Reproduces the problem - code sample

###########################################################
proc_api.py
###########################################################
from abc import abstractmethod, ABC

class BaseDetector(ABC):
    ## Initialize the model. 
    ## Load the model from configs, Set on evaluations
    def __init__(self): 
        pass

    ## Preprocessing a single image
    @abstractmethod
    def image_preprocess(self, img_name):
        pass

    ## Preprocessing a batch of images
    @abstractmethod
    def image_batch_preprocess(self, img_list):
        pass

    ## Detecting on a batch of images
    @abstractmethod
    def images_detection(self, imgs, orig_dim_list):
        pass

    ## Detecting on a single image
    @abstractmethod
    def detect_one_img(self, img_name):
        pass

    ## Model and Loading all in one function useful for systems that have processing bundled etc
    def all_in_one(self, img_name):
        pass

################################################################################
## mmdet_api.py
################################################################################
import numpy as np
# import torch
from proc_api import BaseDetector
from mmdet.apis import inference_detector, init_detector
from IPython.display import display
from matplotlib import pyplot as plt
import PIL.Image as Image

class MMSegDetector(BaseDetector):
    ## Initialize the model. 
    ## Load the model from configs, Set on evaluations
    def __init__(self,  det_config=None, det_checkpoint=None, device=None): 

        self.det_config = det_config #'configs/htc_x101_64x4d_fpn_dconv_c3-c5_mstrain_400_1400_16x1_20e_coco.py'
        self.det_checkpoint = det_checkpoint #'checkpoints/htc_x101_64x4d_fpn_dconv_c3-c5_mstrain_400_1400_16x1_20e_coco_20200312-946fd751.pth'
        self.device = 'cuda:0'
        # init a detector
        self.det_model = init_detector(self.det_config, self.det_checkpoint, device=self.device)
        self.det_results = None
        self.img_results = None
        self.classnames = self.det_model.CLASSES
        self.batch_size = 32

    ## Preprocessing a single image

    def image_preprocess(self, img_name):
        # mmdet_results = inference_detector(self.det_model, str(img_name) )
        pass

    ## Preprocessing a batch of images
    def image_batch_preprocess(self, img_list):
        pass

    ## Detecting on a batch of images with their filenames
    def images_detection(self, imgs, orig_dim_list):
        pass

    ## Detecting on a single image
    def detect_one_img(self, img, thres=0.3, cat_id = 1):
        # img_name = str(img_name)
        mmdet_results = inference_detector(self.det_model, img) ## Returns 2 items--bbox, segm. For segm, returns a list of 80 items
        self.det_results, self.mask_results = self.process_mmdet_results(mmdet_results, thres=thres, cat_id = cat_id)
        return {'detection':self.det_results, 'segmentation': self.mask_results} 

    ## Draw results
    def show_results(self, img_name, det_results=None, mask_results = None):
        if type(img_name) is str:
            img= np.asarray(Image.open(img_name),dtype=np.float)
        else:
            img = img_name
        # print(np.max(img[:]))
        img_final = np.zeros(img.shape, dtype = np.float)
        if mask_results is None:
            mask_results = self.mask_results
        for i in range(len(mask_results)):
            # img_final += (mask_results[i] * img)
            img_final[mask_results[i].squeeze()] = img[mask_results[i].squeeze()]
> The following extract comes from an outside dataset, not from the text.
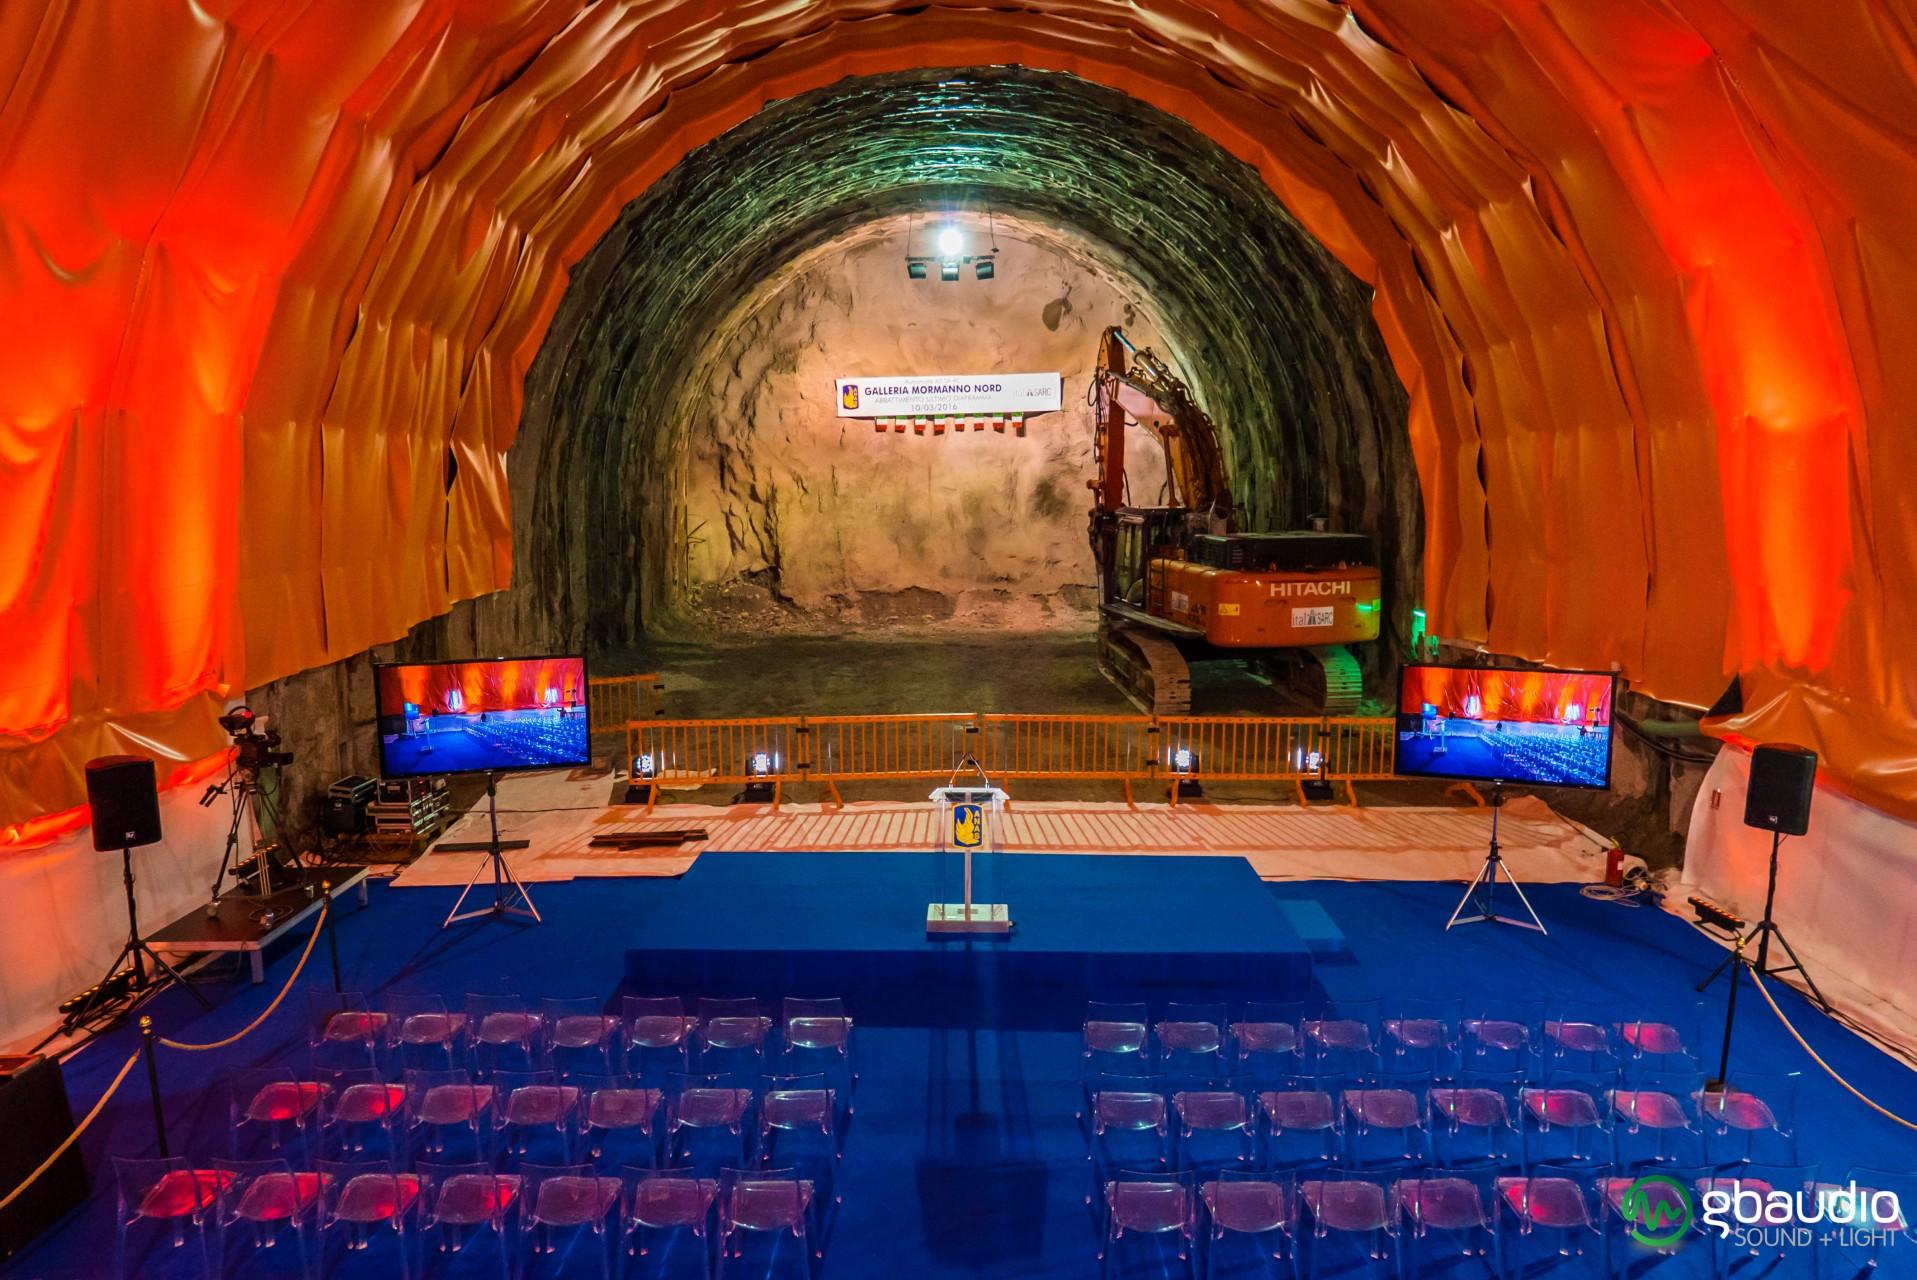 Cerimonia di inaugurazione Variante di Valico e Salerno Reggio-Calabria - 2
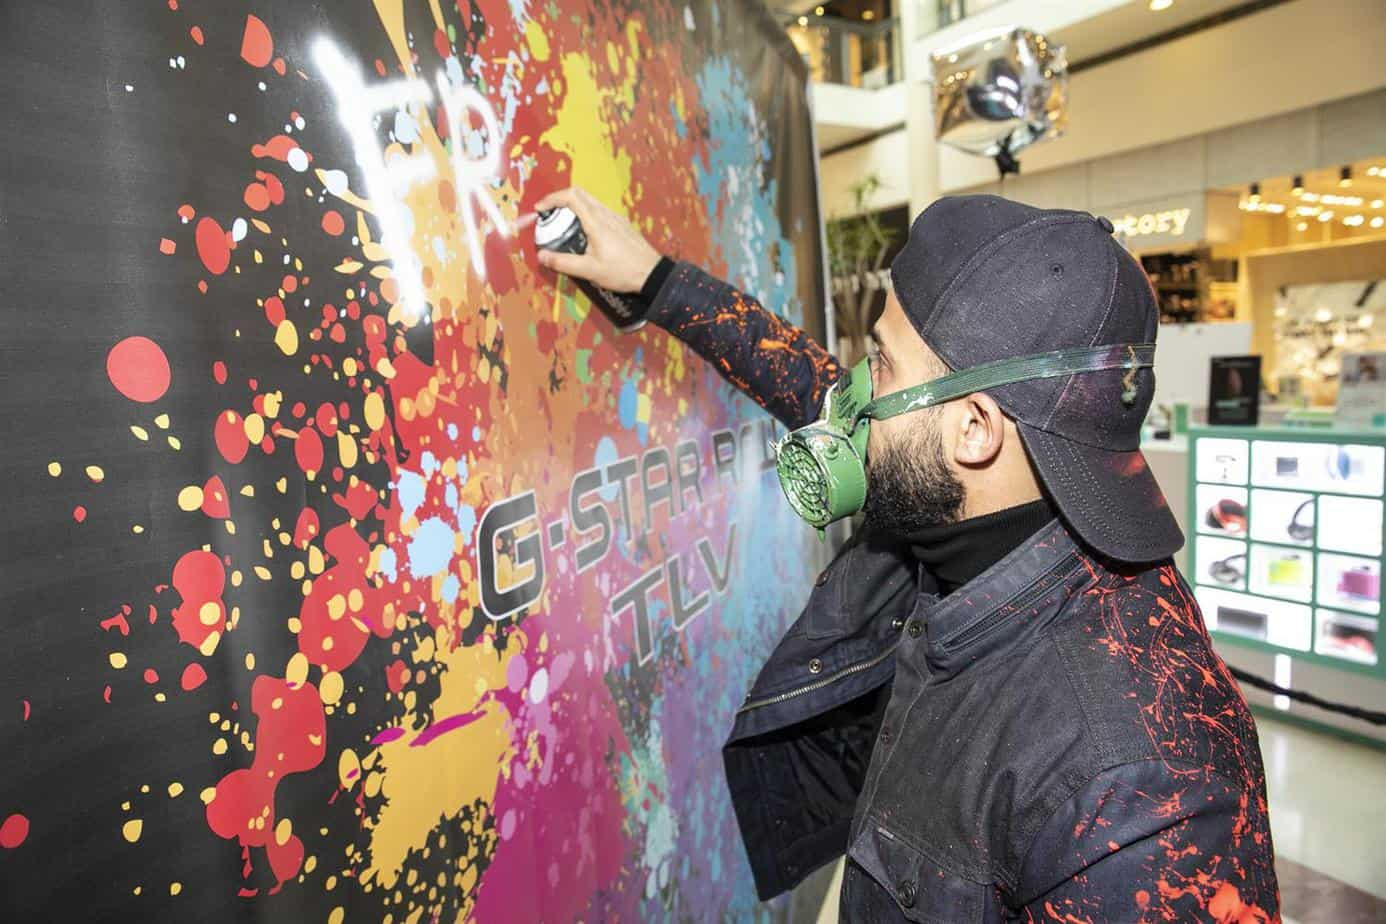 אליאור יוסף בפתיחת ג'י סטאר בקניון רמת אביב. צילום: לנס הפקות

        max_img_final = np.max(img_final[:])
        img_final = img_final * 1.0 /max_img_final
        plt.figure(figsize = (12, 10))
        plt.imshow(img_final  )
        plt.show()

        return 

    ## Model and Loading all in one function useful for systems that have processing bundled etc
    def all_in_one(self, list_of_images_numpy):
        len_input = len(list_of_images_numpy)
        assert len_input <= self.batch_size
        mmdet_results = inference_detector(self.det_model, list_of_images_numpy)
        processed_results = [self.process_mmdet_results(mmdet_results[i]) for i in range(len_input)]
        seg_results = [processed_results[i][1] for i in range(len_input)]
        return seg_results

    ## Process the result of detection to get mask. Bbox is returned but it is not tested.
    def process_mmdet_results(self,mmdet_results, thres=0.3, cat_id = 1):
        """Process mmdet results, and return a list of bboxes and a tuple of segm.

        Args:
            mmdet_results (list|tuple): mmdet results.
            cat_id (int): category id (default: 1 for human)

        Returns:
            person_results (list): a list of detected bounding boxes
            person_results_segm (list(array)):  a list of segm masks
        """

        if isinstance(mmdet_results, tuple):
            det_results = mmdet_results[0]
            segm_results = mmdet_results[1] ## List of N items, each for a label
        else:
            det_results = mmdet_results
            segm_results = None

        ## Take out humans
        bboxes = det_results[cat_id - 1]
        # print("Boxes shape",bboxes.shape)
        masks = None
        if segm_results is not None: ## segm_results is list with N results, N = number of classes
            masks = segm_results[cat_id - 1]  # list object with M items of height x width for M detected humans

        ## Take out segmentations that are less than thres
        final_bboxes = bboxes
        final_segm = np.asarray(masks)
        if thres > 0:
            scores = bboxes[:, -1]  ## Number of boxes should match number of segmentation masks
            # print(scores)
            # print(thres)
            keep_inds = scores >= thres
            final_bboxes = bboxes[keep_inds,:]
            # print("Thre boxes shape", final_bboxes.shape)
            # print("Before keep, len masks", len(masks))
            # print("Before keep, shape masks", masks[0].shape)
            # print(keep_inds)
            final_segm = np.asarray(masks)[keep_inds] if masks is not None else None
            # print("Seg shape keep", final_segm.shape)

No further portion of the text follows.